The main findings of the present study were as follows: (1) a significant strong negative correlation between shoulder flexor strength and sprint, (2) a significant moderate negative correlation between shoulder extensor strength and sprint, (3) no significant correlation between shoulder flexor strength and agility, (4) no significant correlation between shoulder extensor strength and agility, and (5) a multiple linear regression analysis revealed that only shoulder flexor strength significantly had positive correlation with sprint performance and the model explained 50% of the variance in sprint performance.

Discussion

Sprint and shoulder flexor and extensor strength

According to the findings of our study, sprint performance and the strength of the shoulder flexors and extensors have a bidirectional relationship and move in the opposite direction. This typically means that if one increases, the other decreases. One of the most important soccer-related performances is sprinting, which is a complicated activity that requires full-body participation. Although lower limb strength is the most important predictor of sprint performance, the contribution of trunk and upper limb muscles cannot be overlooked [35,36]. Several researchers have examined the link between lower-body strength and sprint performance, and results have shown that stronger athletes perform better in sprints [12,15,36]. This may be explained by the fact that peak ground response forces and impulses are important predictors of sprint performance [37-40].

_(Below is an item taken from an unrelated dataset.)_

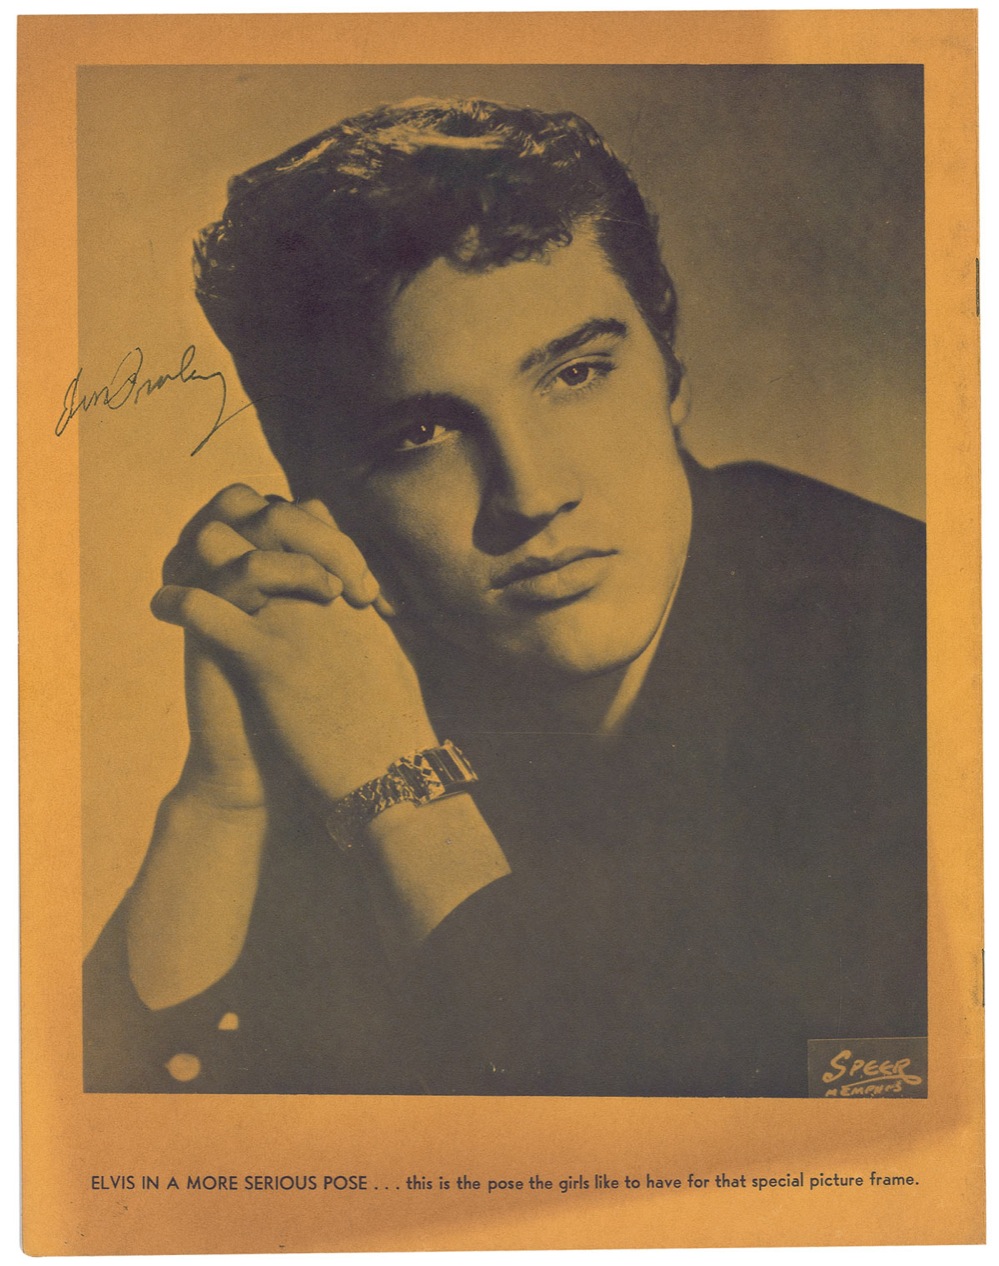 Lot #269 Elvis Presley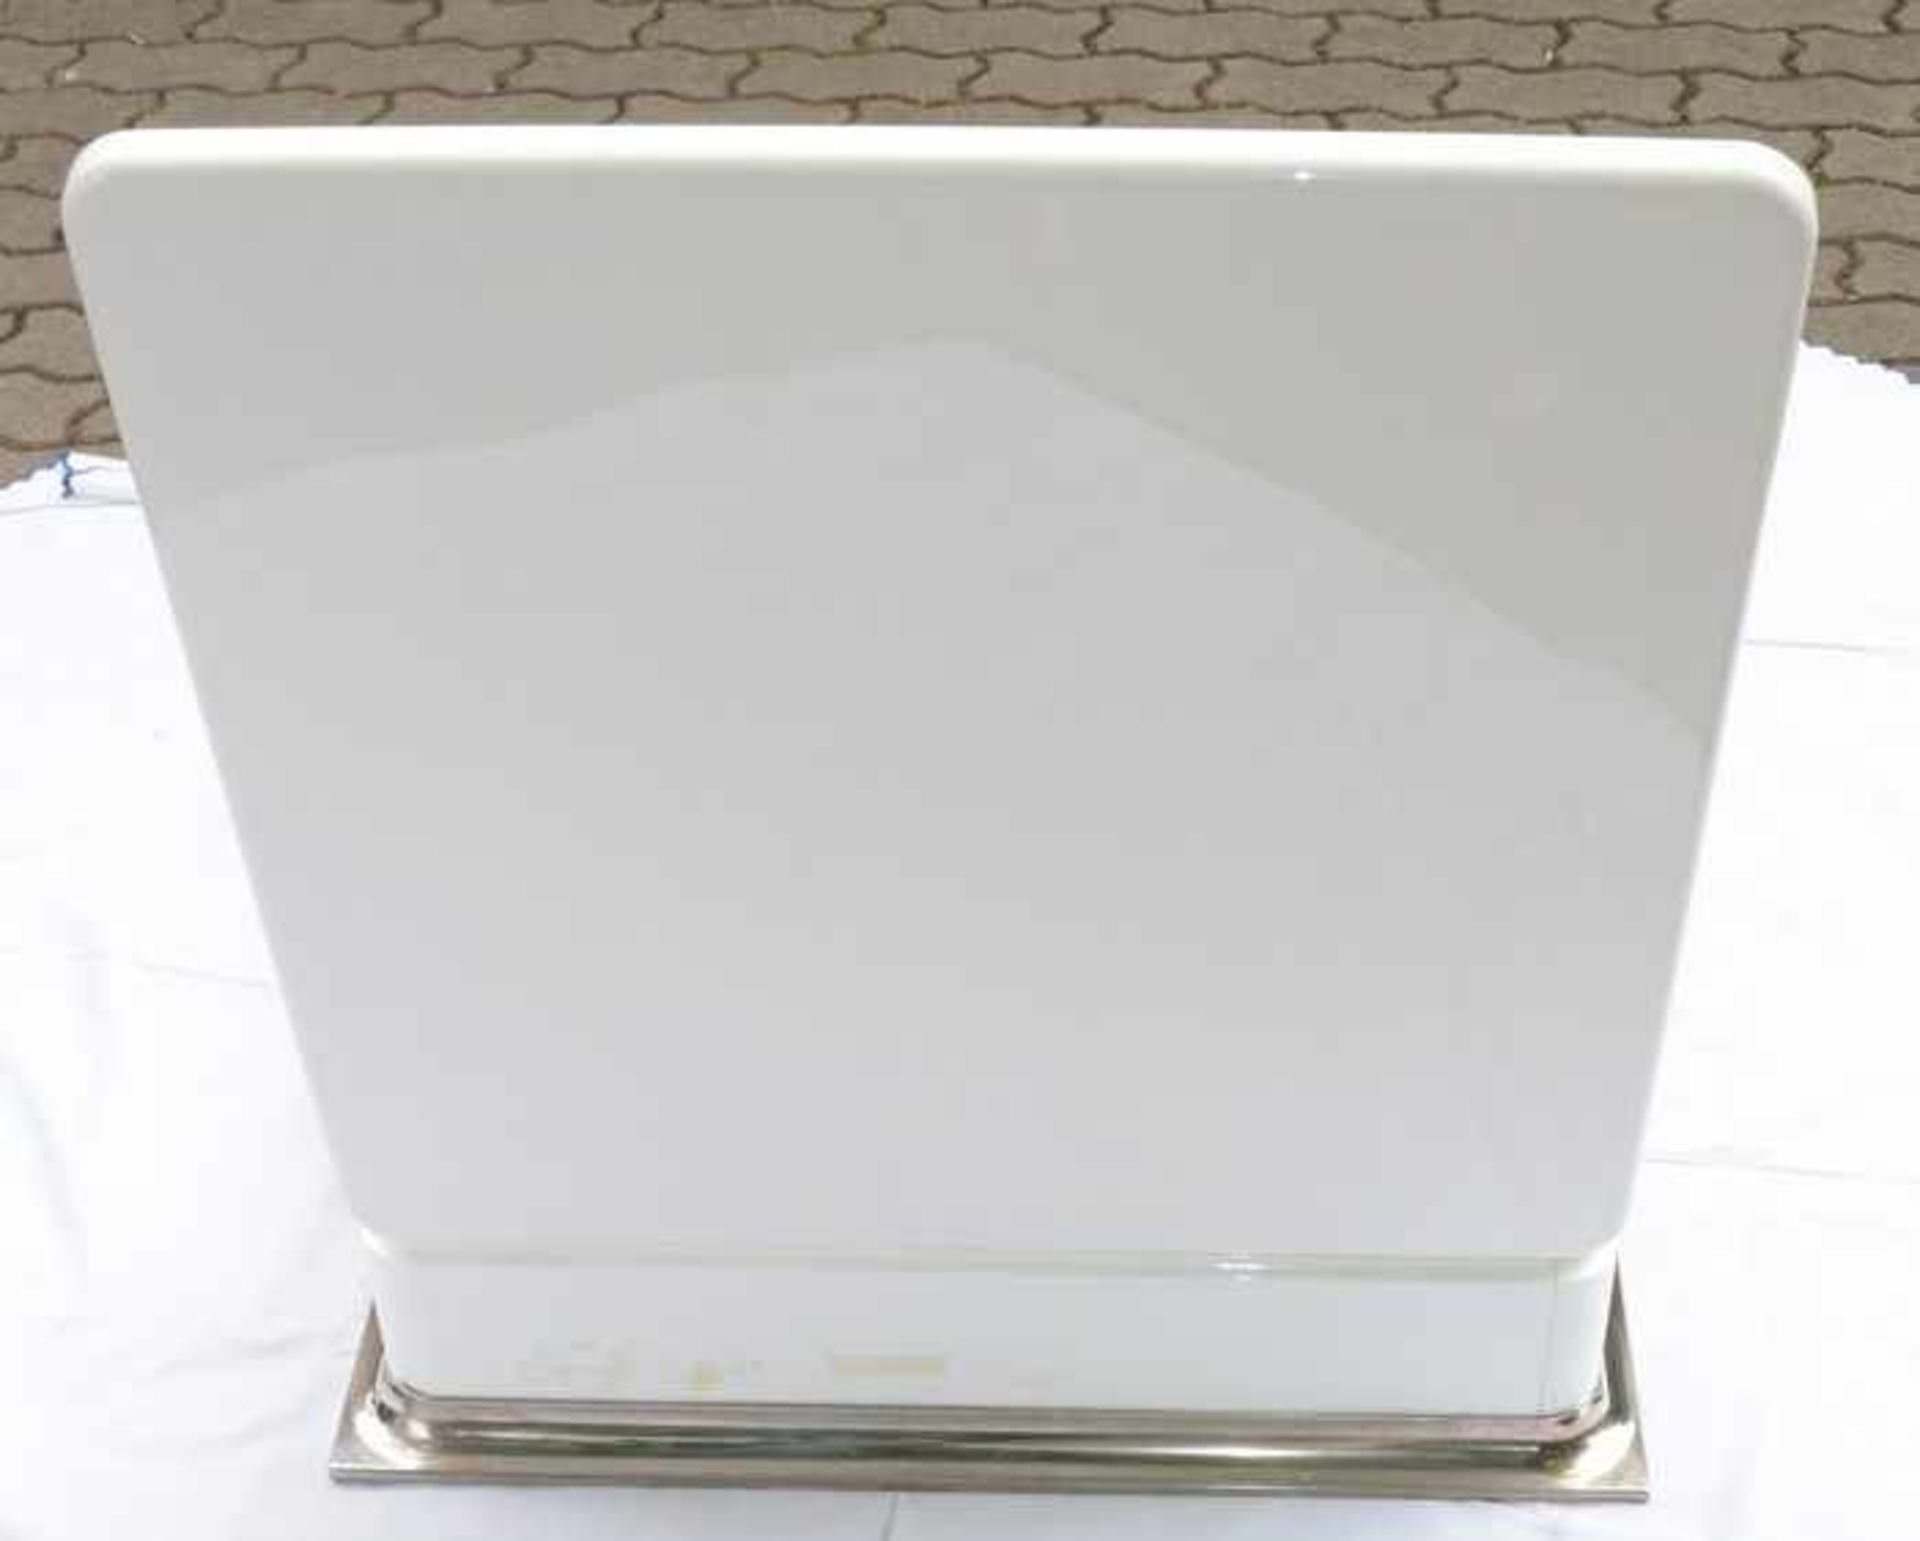 Wandschrank - BadezimmerKunststoff/Metall, rechteckiger Korpus, abgerundete Ecken, Rückseite Metall, - Bild 4 aus 5

According to one study, arm swing is a characteristic of sprint running, with the arms functioning in a contralateral manner and the legs driving the body in a horizontal direction [41]. Arm-leg motions must be synchronized to achieve high acceleration and maximum speed. Another study showed that the arm-swinging movement increases the velocity by creating an enhanced push in the direction of advancement, which is especially important during the start and acceleration phases [42]. According to Miller et al., inhibiting arm swing can modify numerous lower limb biomechanics and kinematics [43]. According to one study, running (7-12 km/hour) boosts the activation of shoulder muscles 2-3 times more than walking at 5 km/hour [44]. Research on healthy females using electromyography found that active upper limb effort enhanced muscle activity in the passive lower limbs relative to passive upper limb effort [45]. Similarly, higher muscle activity in the passive upper limbs occurred during active lower limb effort than during passive lower limb effort, indicating a bidirectional impact [45]. Another study concluded that if the arms were absent but the trunk was still present, a person could run but only at a substantially decreased speed, because the trunk's moment of inertia about the vertical axis would be too minor to generate the angular momentum needed to balance the legs at these speeds of running, even if it vigorously twisted back and forth [46]. Furthermore, the arms can contribute up to 10% of the total vertical propulsive forces that an athlete can apply to the ground, emphasizing the need for effective arm motion [46-48]. In a study by Macadam et al., the body is upright during the maximal velocity phase of sprint running. The upper limb contributes to the overall vertical propulsive force delivered to the ground during sprinting, as in soccer [7]. A successful arm swing begins at the shoulder and includes flexion and extension movements corresponding to flexion and extension movements at the ipsilateral shoulder and hip [7]. In addition, Macadam et al. observed that the arms appear to counteract the rotational momentum of the legs while running, implying that the arms may also play an important role during the sprint start and early acceleration phases [7].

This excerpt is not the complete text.